Their kindness may have had something to do with my own vulnerability when I first met them; for this coincided with the end of my marriage. My then husband, and the father of my two sons, had fallen in love with someone else; it was as simple, and as complicated, as that. In the chaotic, unhappy period following our separation, I travelled to Aubazine, a remote convent and Cistercian abbey, hidden away in the rural French region of Corrèze, where Chanel had lived with her two sisters in the wake of their mother’s death and their father’s disappearance. It was winter when I went there – and I had been reluctant to go, longing to remain within the familiar sanctuary of home, yet also knowing that the opportunity to visit Aubazine and stay in the convent might never arise again.
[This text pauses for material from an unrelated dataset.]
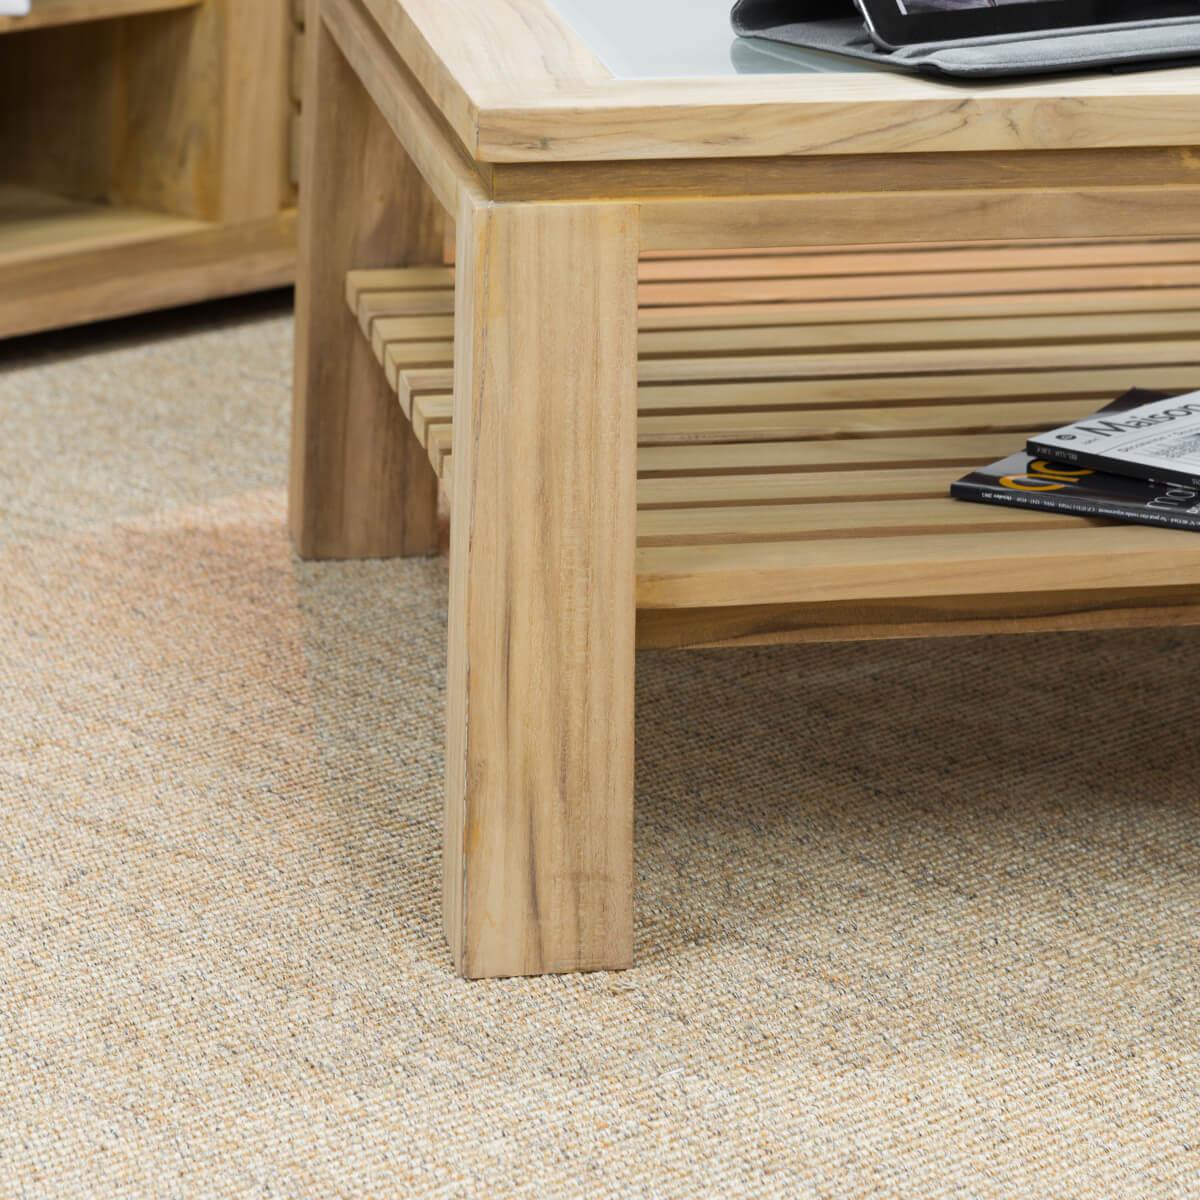 table basse carr e meuble en teck table basse en verre zen 80 cm. Black Bedroom Furniture Sets. Home Design Ideas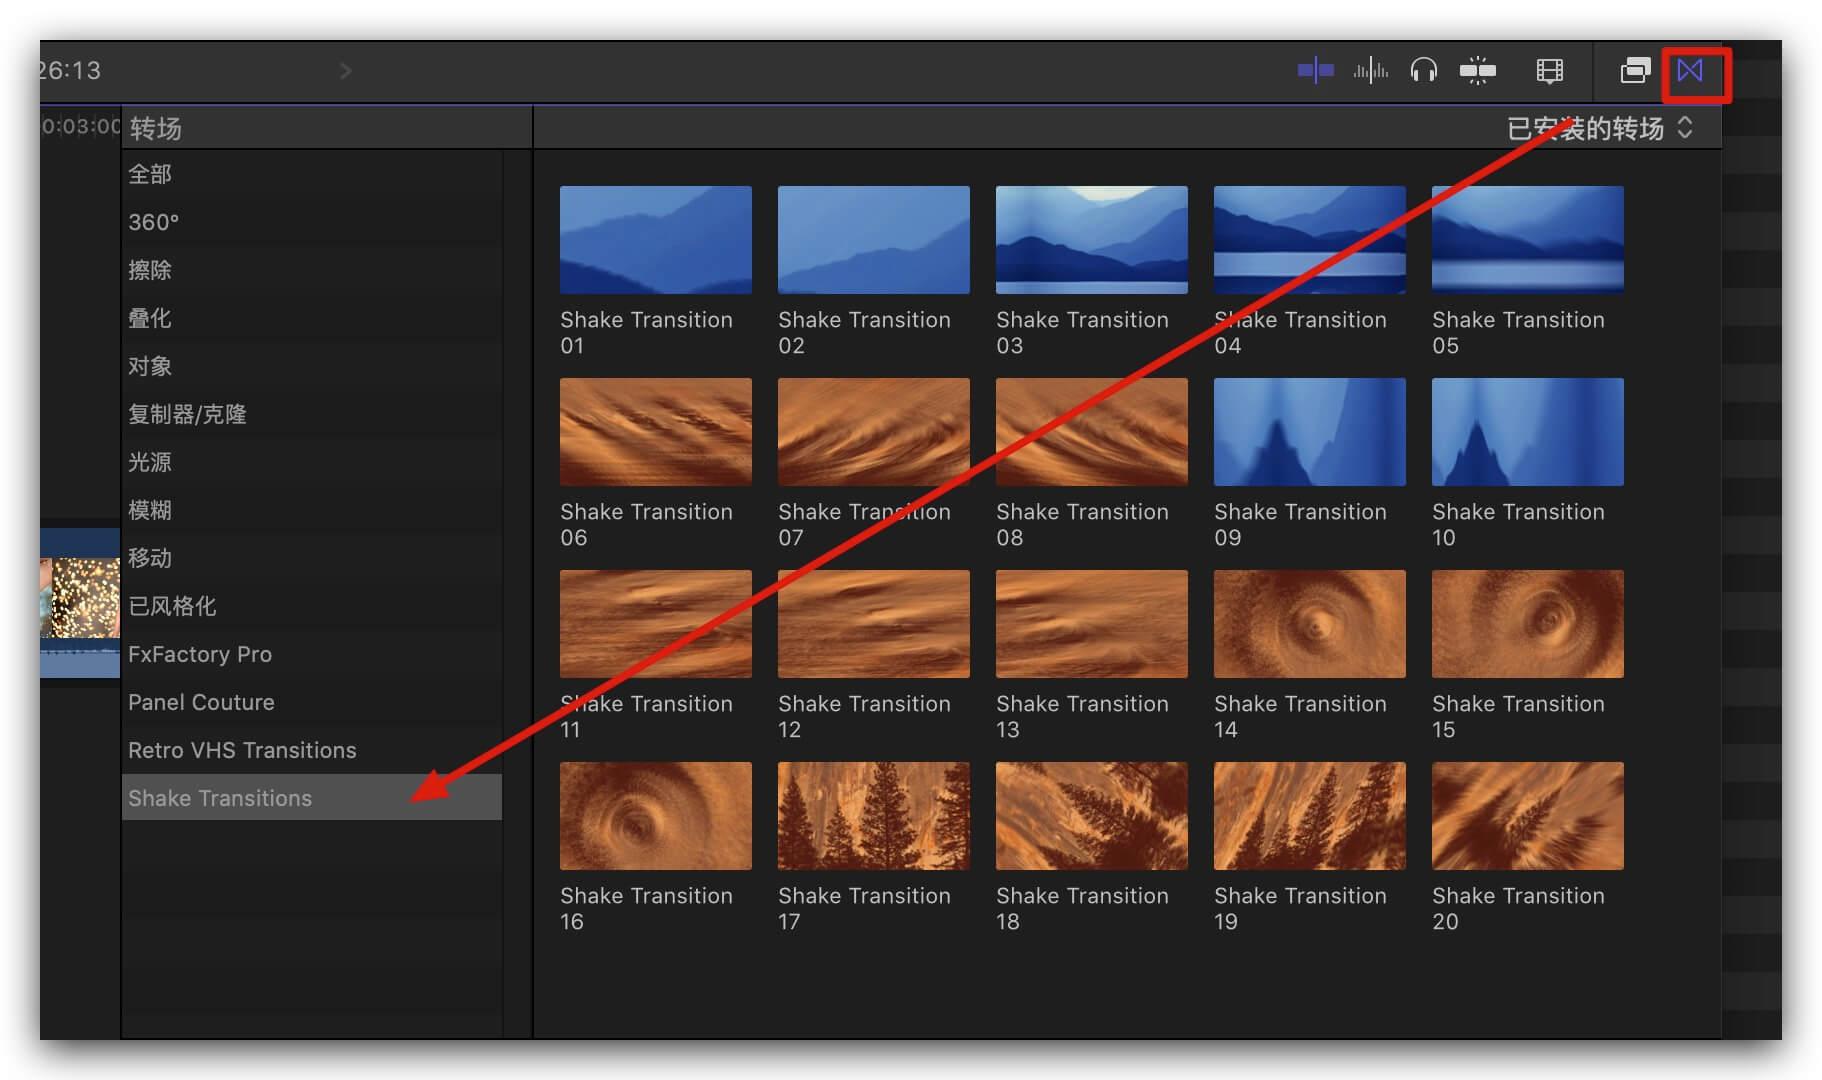 fcpx转场插件 20组镜头摇晃过渡转场 Vlog旅拍写真等常用转场效果

I still remember the journey – leaving London in tears, weighed down by anxiety and a corrosive sense of impending catastrophe; arriving in Paris, feeling as if I could not go on; catching another train to the town of Brive-la-Gaillarde, where Chanel’s mother had died; and then following the route that her father had taken her with her sisters, up through a circuitous mountain road towards Aubazine, where the grey stone walls of the ancient abbey looked more forbidding than I could ever have imagined. During Chanel’s residence there, in the late nineteenth century, the convent was filled with dozens of orphans and nuns; but by the time of my visit, the orphanage had been closed for decades, and the religious community had dwindled to a handful of nuns. The Mother Superior had agreed to my staying there, as long as I followed the daily routine of the nuns: prayers at dawn, noon, dusk, and night; silence except at meals; respect for their religious rituals and spiritual retreat.

It was a bitter winter that year, and my prevailing memory of those days – and long nights – at Aubazine is of the chill of the little room where I slept in a narrow iron bed, a wooden crucifix of an anguished Christ above me. The chapel where I knelt with the nuns as they prayed was equally icy; the stone floor cold as the black earth of the abbey’s garden, where the trees were leafless and the plants frostbitten and decaying. When I was alone at night, I alternated between weeping and writing; although eventually, my focus shifted away from my own dreary unhappiness, as I became more absorbed in the unfamiliar surroundings. In the short hours of daylight, between the nuns’ prayer services, I explored the abbey, and at last began to feel a profound sense of wonderment: not because of a sudden religious conversion, but rather because Chanel’s symbols – the interlocked double Cs that appeared in her designs; the restrained aesthetic of black, white and beige; the stars and crescent moons that were her signature in jewellery and other decorative embellishment – were also apparent in the ancient world of Aubazine. As I retraced Chanel’s steps along the corridor to the dormitory where she slept, I saw the mosaic of five-sided stars that had been crafted from thousands of tiny stones by the Cistercian monks who inhabited Aubazine during its medieval era; while inside the dark abbey itself were stained-glass windows with a stylised design that seemed to reflect – or pre-figure – Chanel’s logo. The nuns themselves still wore black habits with white cuffs and collars – again, reminiscent of Chanel’s ascetic monochrome palette – and their rosaries looked unexpectedly similar to her pearl necklaces and crucifixes.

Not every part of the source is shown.